We now use the package egcm to check the cointegration of several illustrative examples:
SPY and IVV are oth ETF’s that track the S&P 500 and obviously they are cointegrated:
SPY_prices <- Ad(getSymbols("SPY", from = "2013-01-01", to = "2013-12-31", auto.assign = FALSE))
IVV_prices <- Ad(getSymbols("IVV", from = "2013-01-01", to = "2013-12-31", auto.assign = FALSE))
plot(cbind(SPY_prices, IVV_prices), legend.loc = "topleft", main = "ETF prices")

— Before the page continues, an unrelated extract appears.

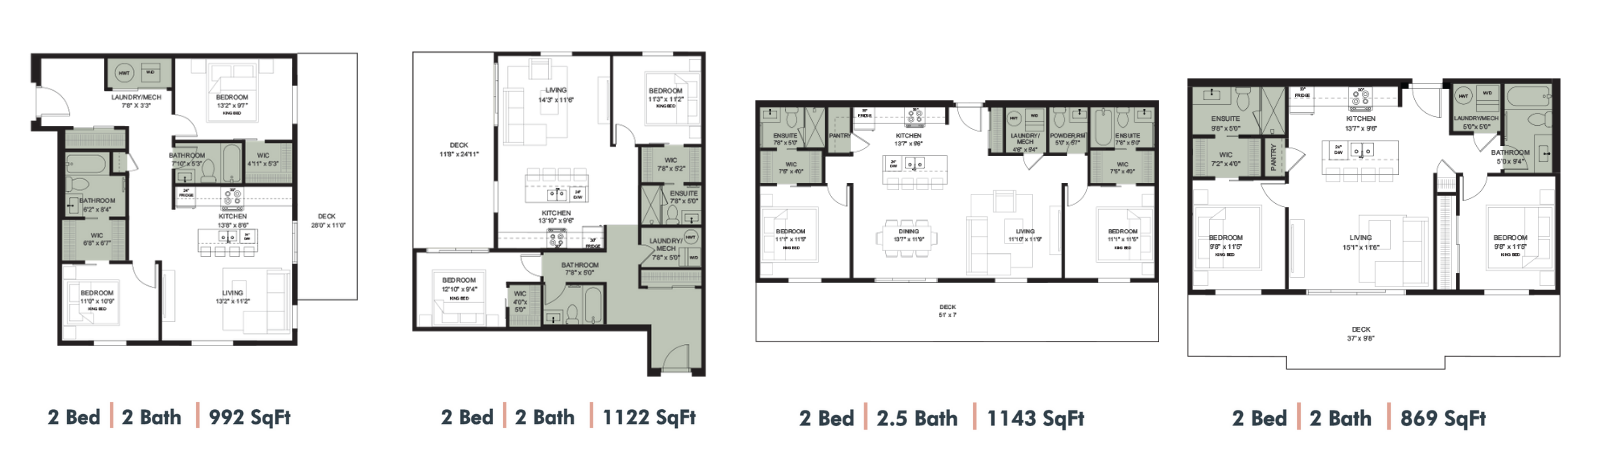 Cawston Floor Plans 2

res <- egcm(SPY_prices, IVV_prices)
summary(res)
#> IVV.Adjusted[i] = 1.0077 SPY.Adjusted[i] - 0.5419 + R[i], R[i] = 0.0139 R[i-1] + eps[i], eps ~ N(0, 0.0480^2)

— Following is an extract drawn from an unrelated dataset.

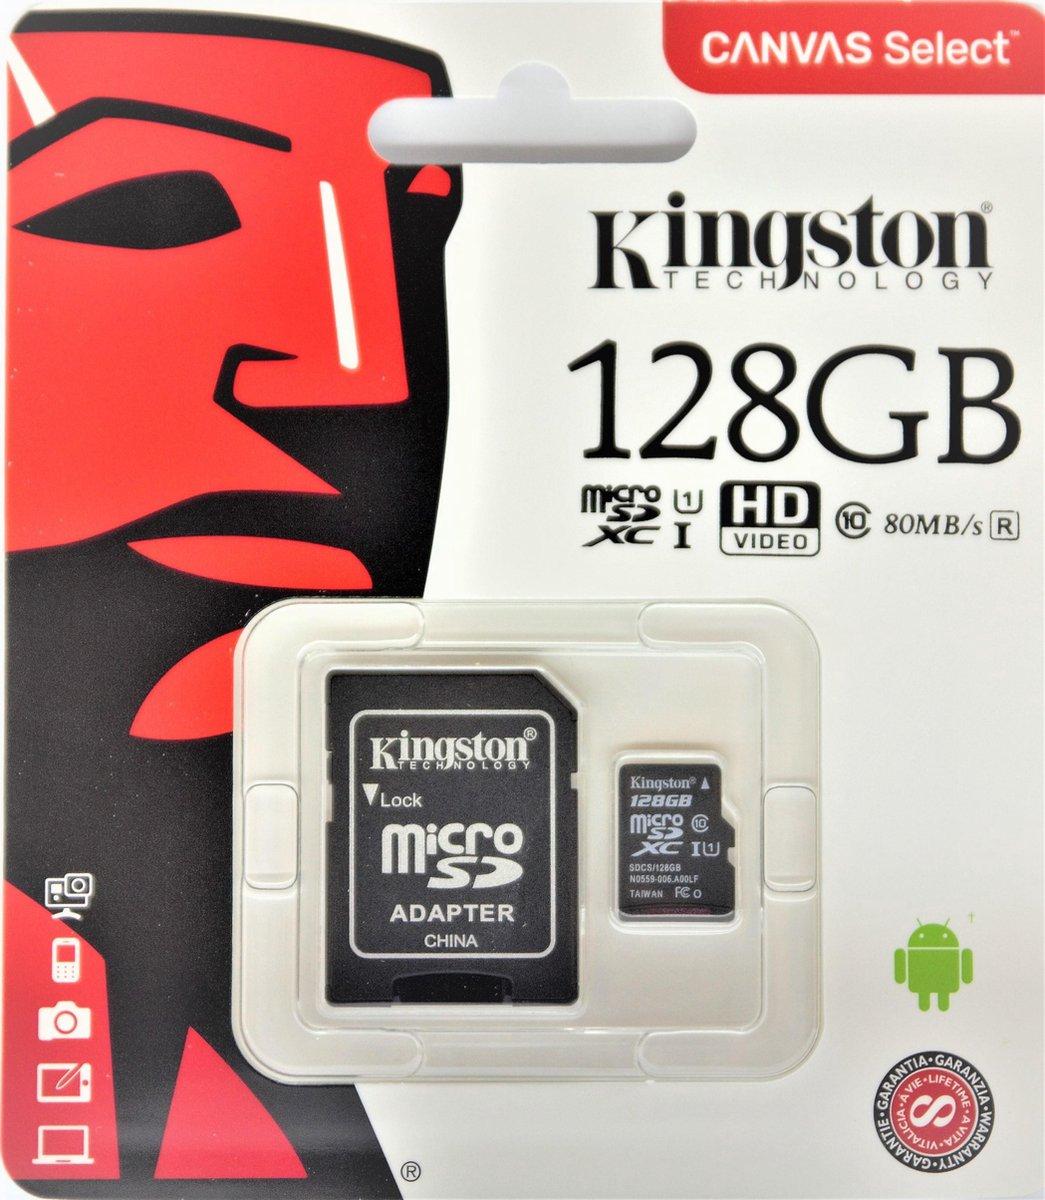 Kingston Micro SD kaart Canvas 128 GB + SD Adapter (HD video- 80MB/S/R)

#> (0.0003) (0.0529) (0.0624)
#>
#> R[2013-12-30] = -0.0281 (t = -0.577)
#>
#> Unit Root Tests of Residuals
#> Statistic p-value
#> Augmented Dickey Fuller (ADF) -6.042 0.00010
#> Phillips-Perron (PP) -261.890 0.00010
#> Pantula, Gonzales-Farias and Fuller (PGFF) 0.007 0.00010
#> Elliott, Rothenberg and Stock DF-GLS (ERSD) -1.259 0.45122
#> Johansen's Trace Test (JOT) -103.605 0.00010
#> Schmidt and Phillips Rho (SPR) -172.446 0.00010
#>
#> Variances
#> SD(diff(SPY.Adjusted)) = 1.004723
#> SD(diff(IVV.Adjusted)) = 1.011531
#> SD(diff(residuals)) = 0.068125
#> SD(residuals) = 0.048626
#> SD(innovations) = 0.047976
#>
#> Half life = 0.162012
#> R[last] = -0.028071 (t=-0.58)
plot(res)
GLD and IAU both track the price of gold and they are cointegrated:
GLD_prices <- Ad(getSymbols("GLD", from = "2013-01-01", to = "2013-12-31", auto.assign = FALSE))
IAU_prices <- Ad(getSymbols("IAU", from = "2013-01-01", to = "2013-12-31", auto.assign = FALSE))

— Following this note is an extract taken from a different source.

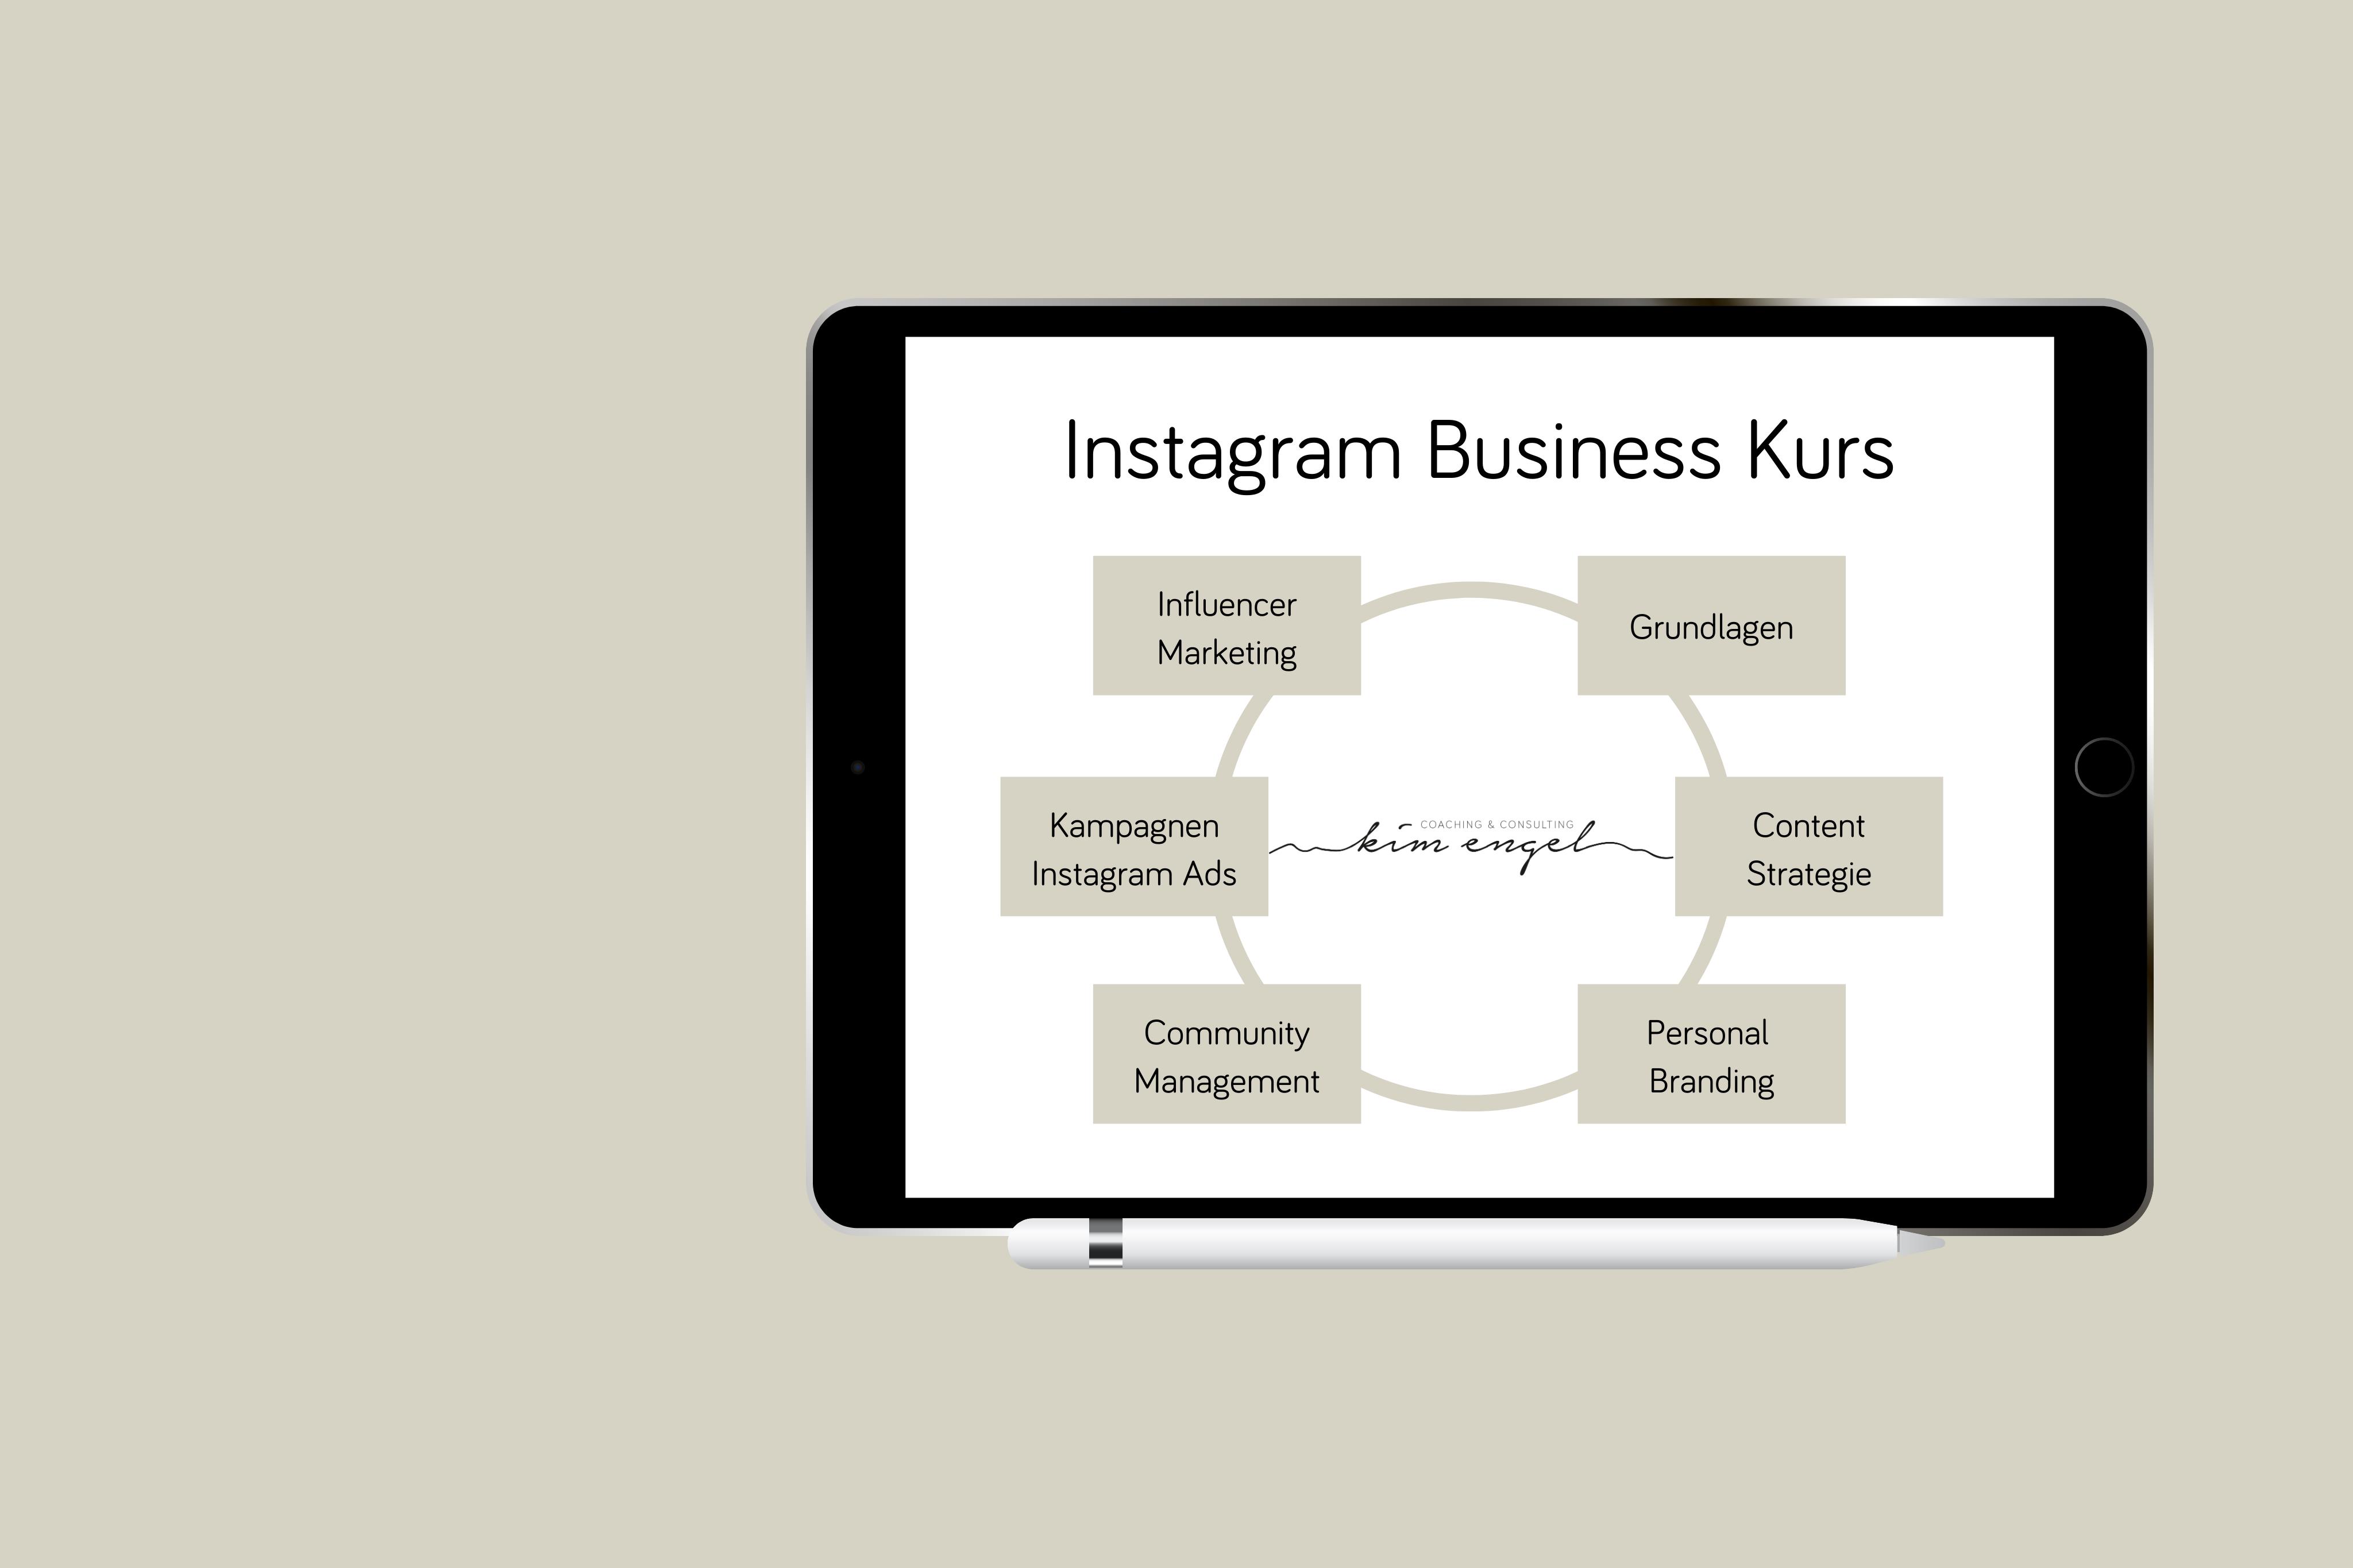 Instagram Business Kurs

plot(cbind(GLD_prices, IAU_prices), legend.loc = "topright", main = "ETF prices")
plot(cbind(GLD_prices/as.numeric(GLD_prices[1]), IAU_prices/as.numeric(IAU_prices[1])),
legend.loc = "topright", main = "ETF normalized prices")
res <- egcm(GLD_prices, IAU_prices, log = TRUE)
print(res)
#> IAU.Adjusted[i] = 0.9967 GLD.Adjusted[i] - 2.2813 + R[i], R[i] = 0.2504 R[i-1] + eps[i], eps ~ N(0, 0.0005^2)
#> (0.0003) (0.0015) (0.0614)
#>
#> R[2013-12-30] = -0.0004 (t = -0.722)
plot(res)
Coca-cola and Pepsi are often mentioned as an example of a pair of securities for which pairs trading may be fruitful. However, at least in 2013, they were not cointegrated.
KO_prices <- Ad(getSymbols("KO", from = "2013-01-01", to = "2013-12-31", auto.assign = FALSE))
PEP_prices <- Ad(getSymbols("PEP", from = "2013-01-01", to = "2013-12-31", auto.assign = FALSE))
# check cointegration of prices
plot(cbind(KO_prices/as.numeric(KO_prices[1]), PEP_prices/as.numeric(PEP_prices[1])),
legend.loc = "topleft", main = "ETF normalized prices")
print(egcm(KO_prices, PEP_prices))
#> PEP.Adjusted[i] = 2.1843 KO.Adjusted[i] - 3.6323 + R[i], R[i] = 0.9922 R[i-1] + eps[i], eps ~ N(0, 0.5935^2)
#> (0.1237) (4.1252) (0.0141)
#>
#> R[2013-12-30] = -0.5379 (t = -0.204)
#>
#> WARNING: KO.Adjusted and PEP.Adjusted do not appear to be cointegrated.
# check cointegration of log-prices
plot(log(cbind(KO_prices, PEP_prices)), legend.loc = "topleft", main = "ETF log-prices")
res <- egcm(KO_prices, PEP_prices, log = TRUE)
print(res)
#> PEP.Adjusted[i] = 1.0941 KO.Adjusted[i] + 0.3996 + R[i], R[i] = 0.9901 R[i-1] + eps[i], eps ~ N(0, 0.0088^2)
#> (0.0599) (0.2098) (0.0143)
#>
#> R[2013-12-30] = -0.0088 (t = -0.228)
#>
#> WARNING: KO.Adjusted and PEP.Adjusted do not appear to be cointegrated.
plot(res)
Ford and GM seemed to be even more tightly linked. Yet, the degree of linkage was not high enough to pass the cointegration test.
F_prices <- Ad(getSymbols("F", from = "2013-01-01", to = "2013-12-31", auto.assign = FALSE))
GM_prices <- Ad(getSymbols("GM", from = "2013-01-01", to = "2013-12-31", auto.assign = FALSE))
plot(log(cbind(F_prices, GM_prices)), legend.loc = "topleft", main = "ETF log-prices")
res <- egcm(F_prices, GM_prices, log = TRUE)
print(res)
#> GM.Adjusted[i] = 0.9117 F.Adjusted[i] + 1.0328 + R[i], R[i] = 1.0000 R[i-1] + eps[i], eps ~ N(0, 0.0118^2)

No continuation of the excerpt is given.